• _WORK TO BE COMPLETED_:
After removing every image, reproduce the data exactly as it appears.

• _SUPPLIED INFORMATION_:
-.-.-

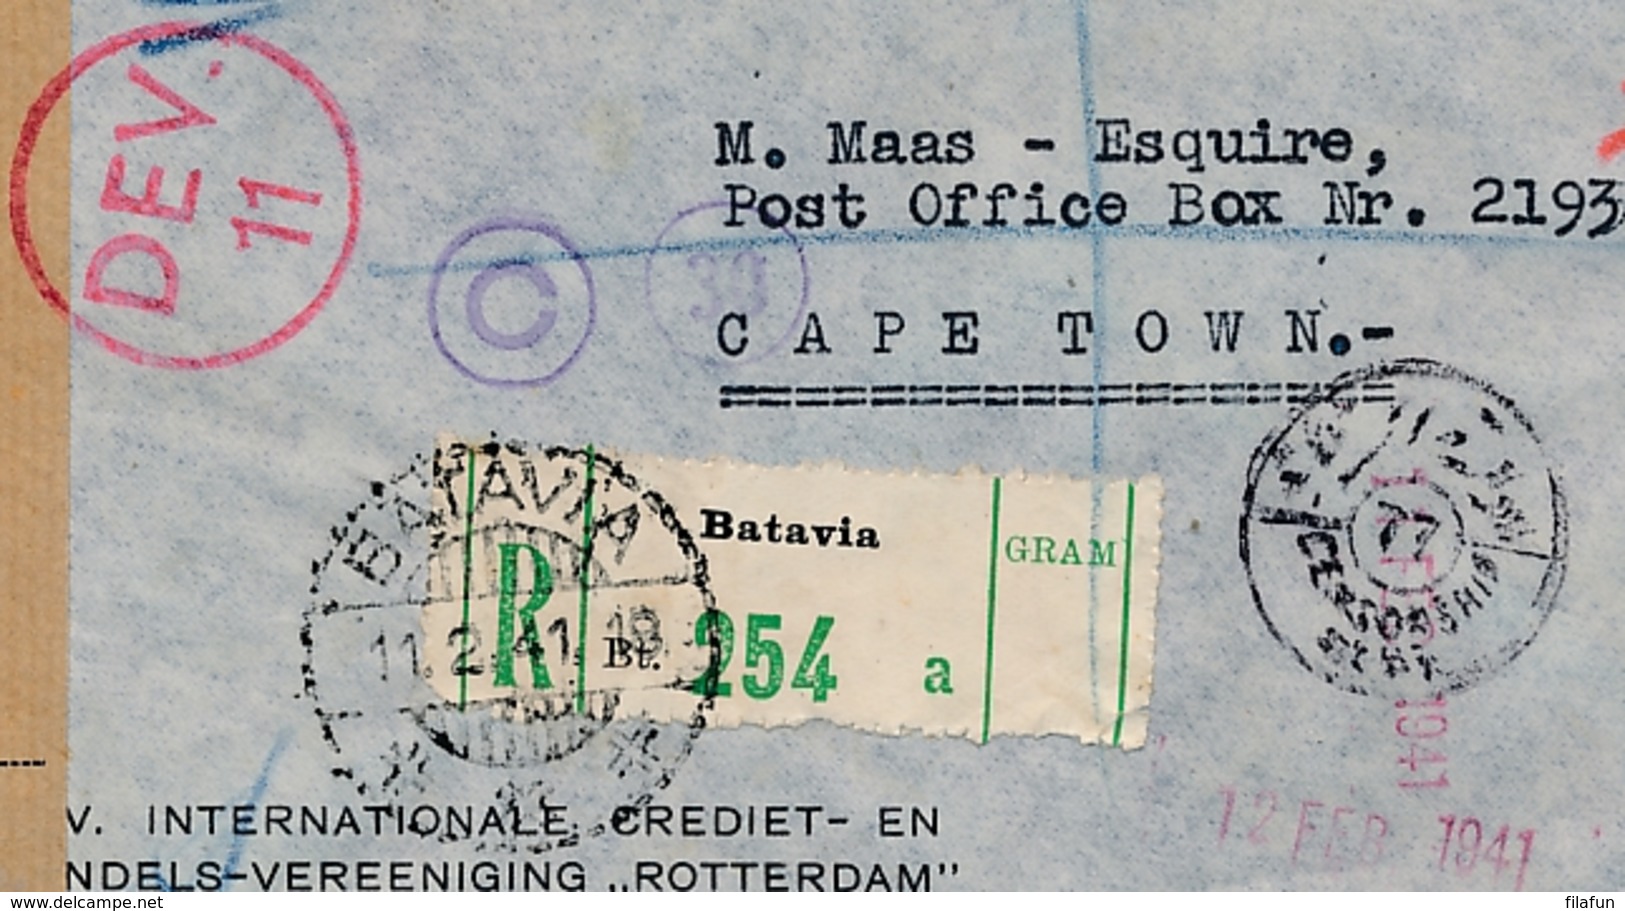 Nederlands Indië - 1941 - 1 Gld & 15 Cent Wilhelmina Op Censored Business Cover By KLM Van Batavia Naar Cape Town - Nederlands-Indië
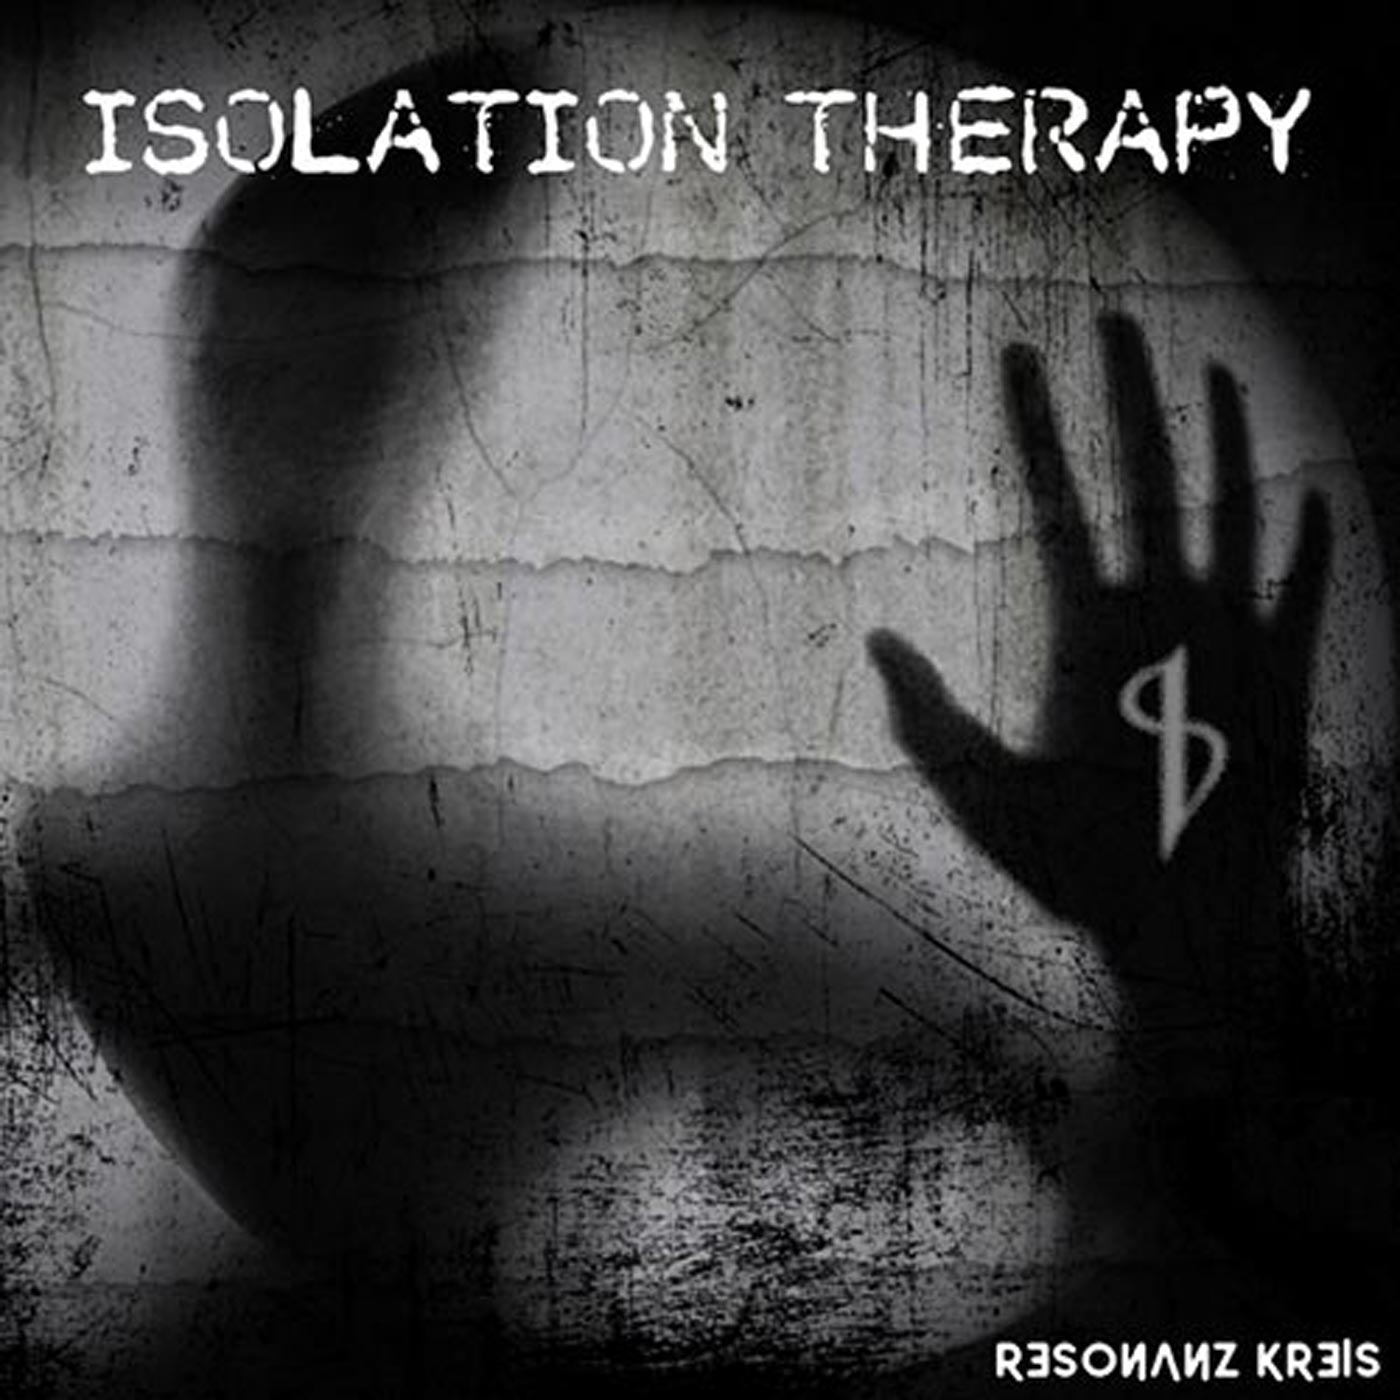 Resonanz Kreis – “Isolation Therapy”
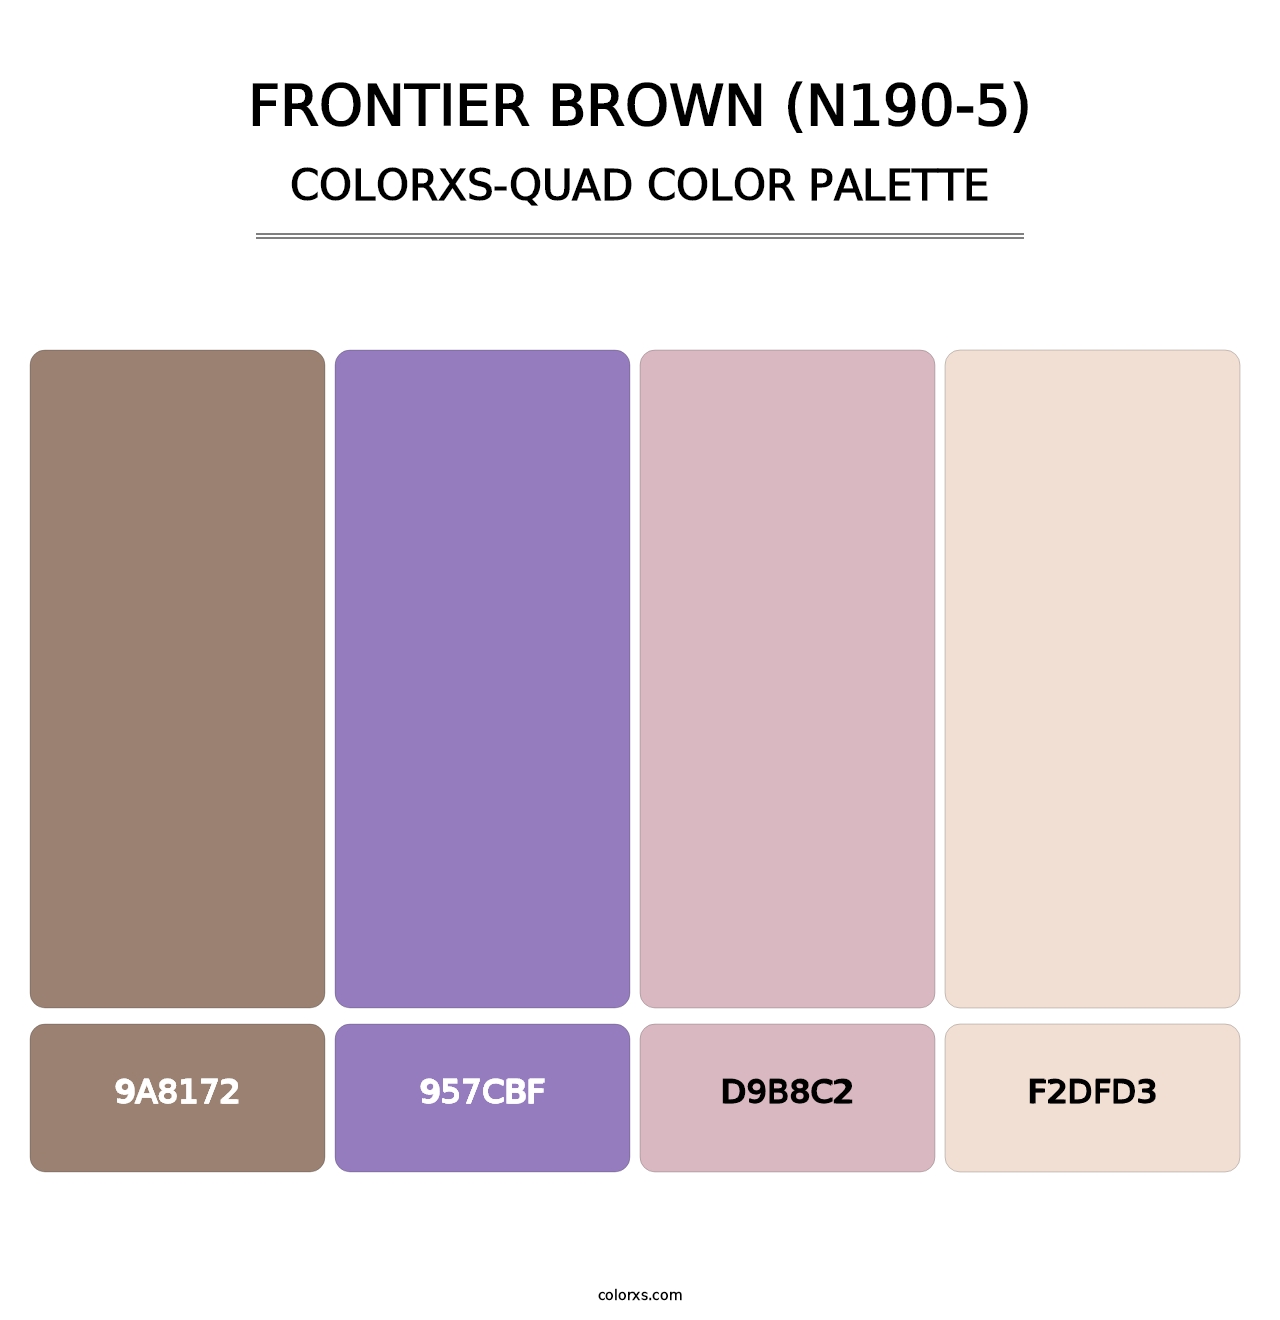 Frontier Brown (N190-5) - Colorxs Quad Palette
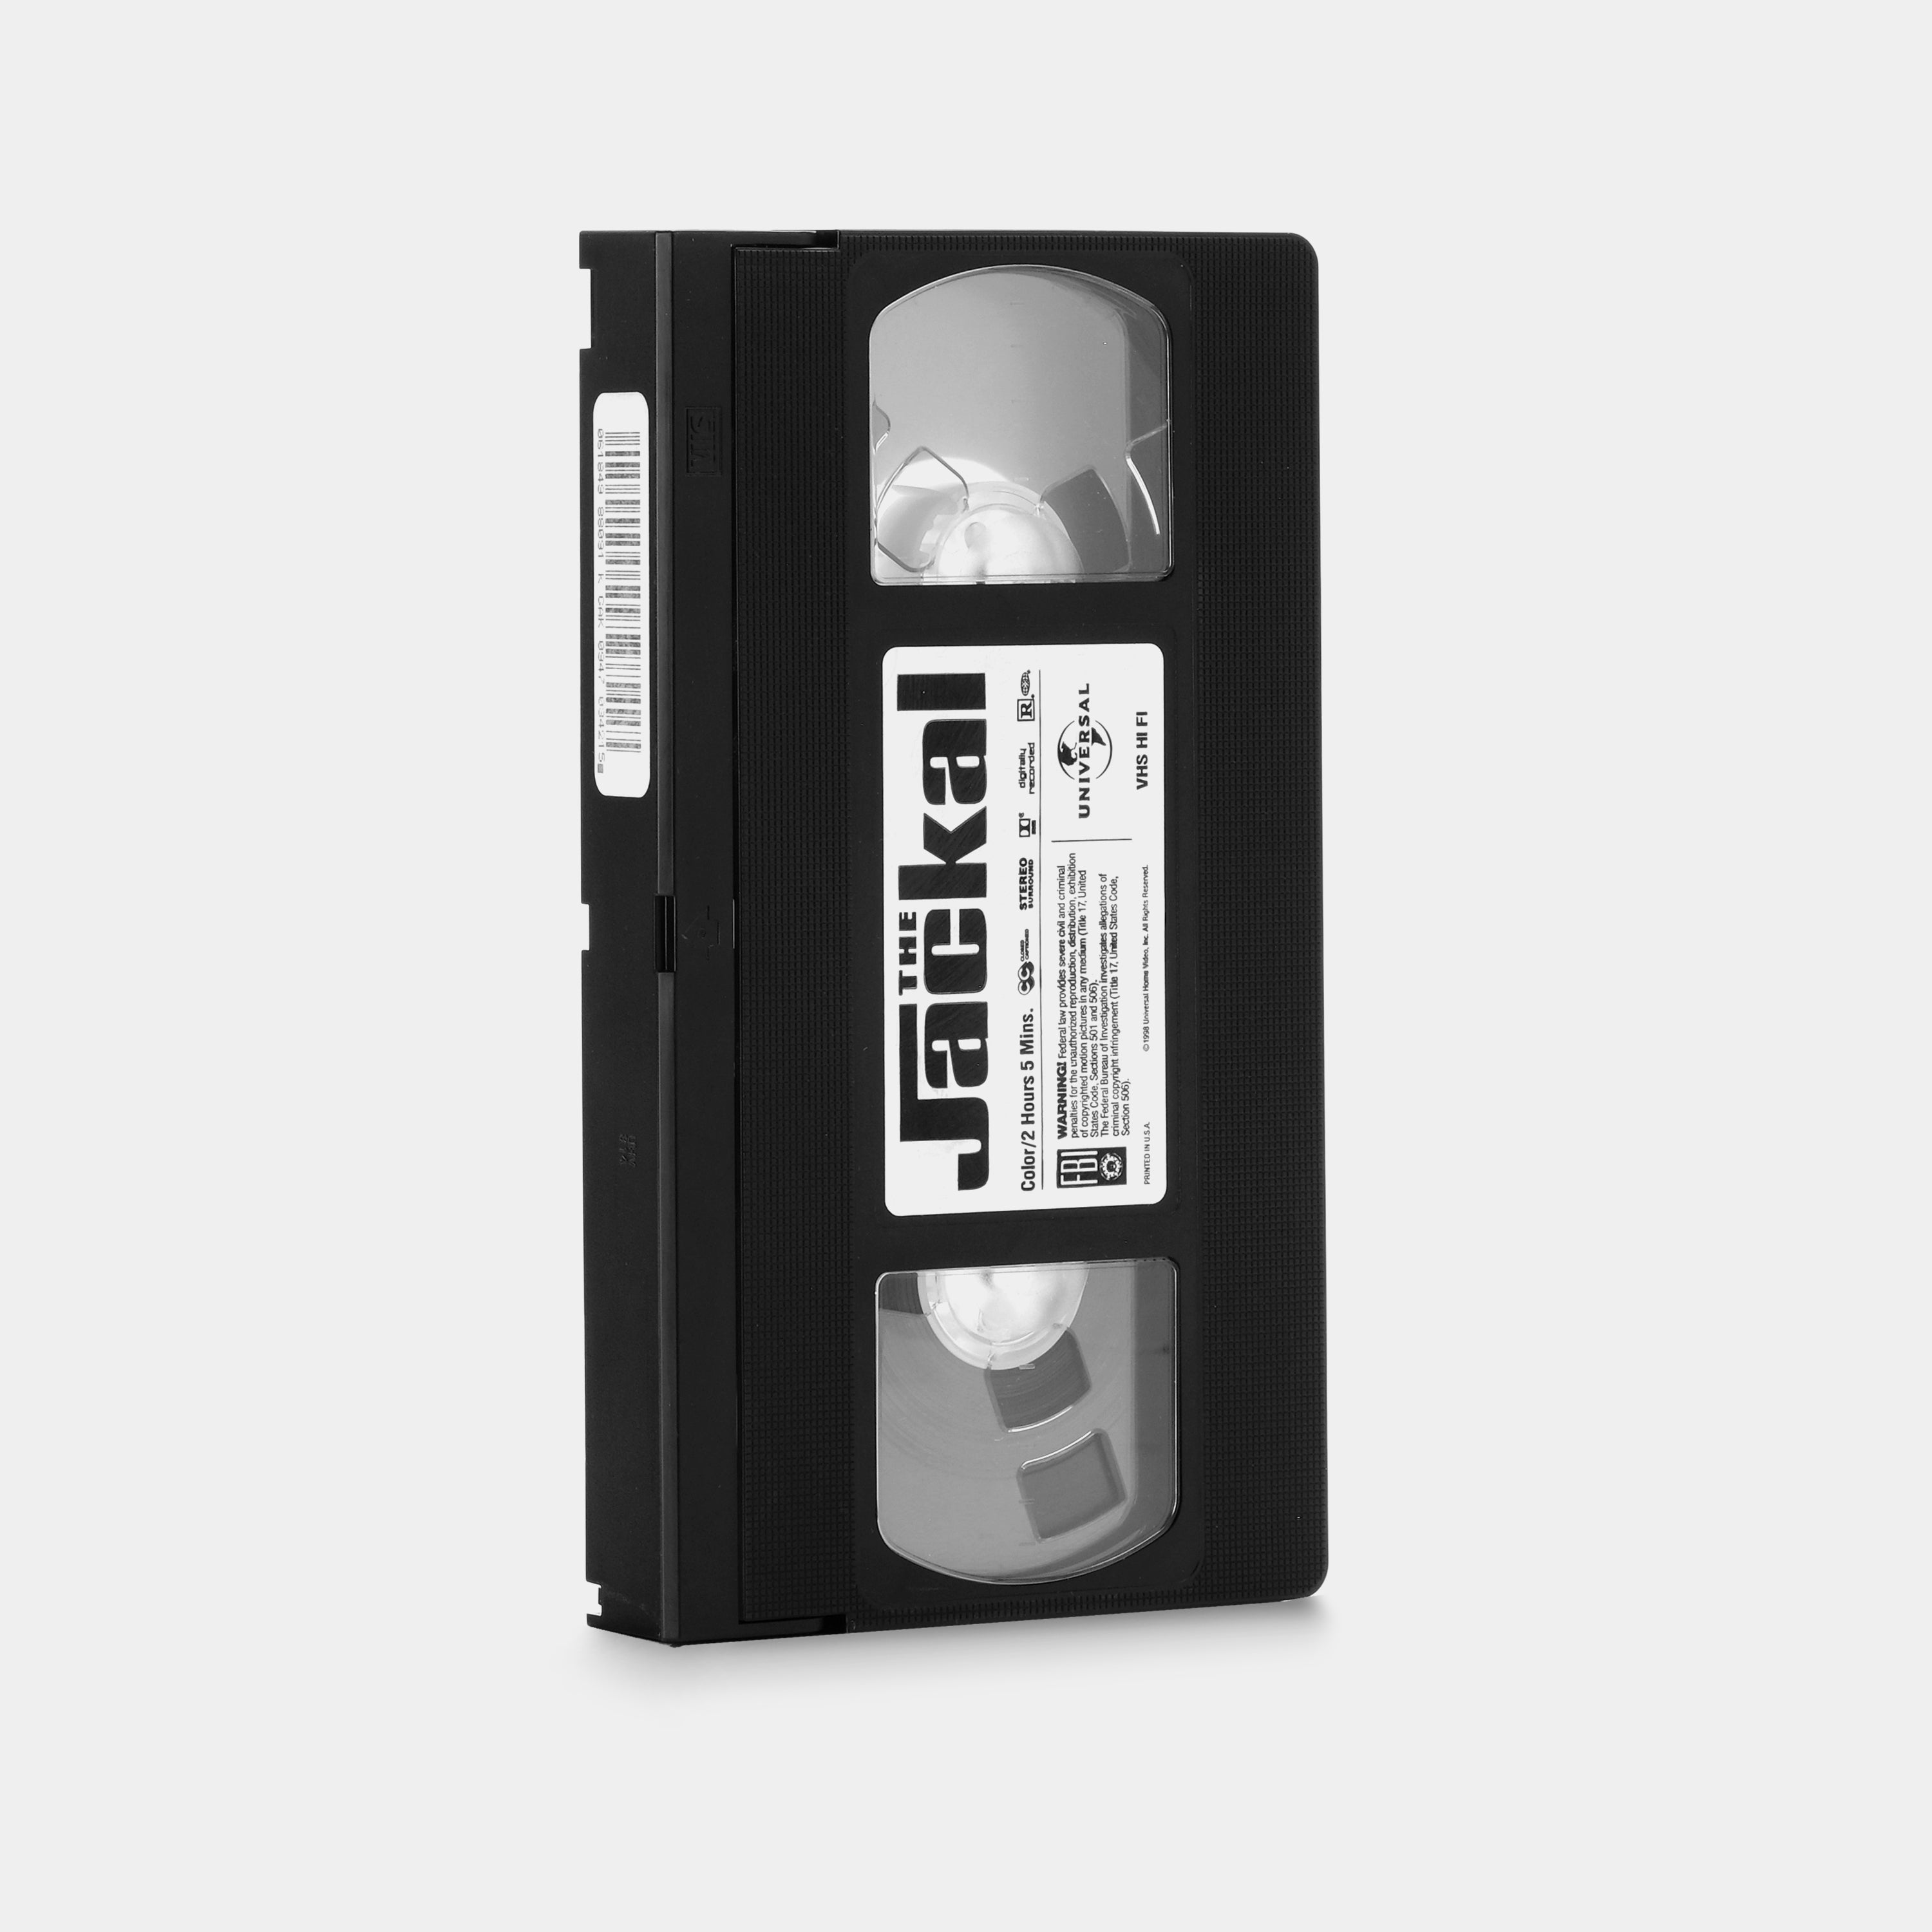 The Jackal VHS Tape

-.-.-

• _ANSWER BOX_:
 Nederlands Indië - 1941 - 1 Gld & 15 Cent Wilhelmina Op Censored Business Cover By KLM Van Batavia Naar Cape Town - Nederlands-Indië
 Resonanz Kreis – “Isolation Therapy”
 Frontier Brown (N190-5) - Colorxs Quad Palette
 The Jackal VHS Tape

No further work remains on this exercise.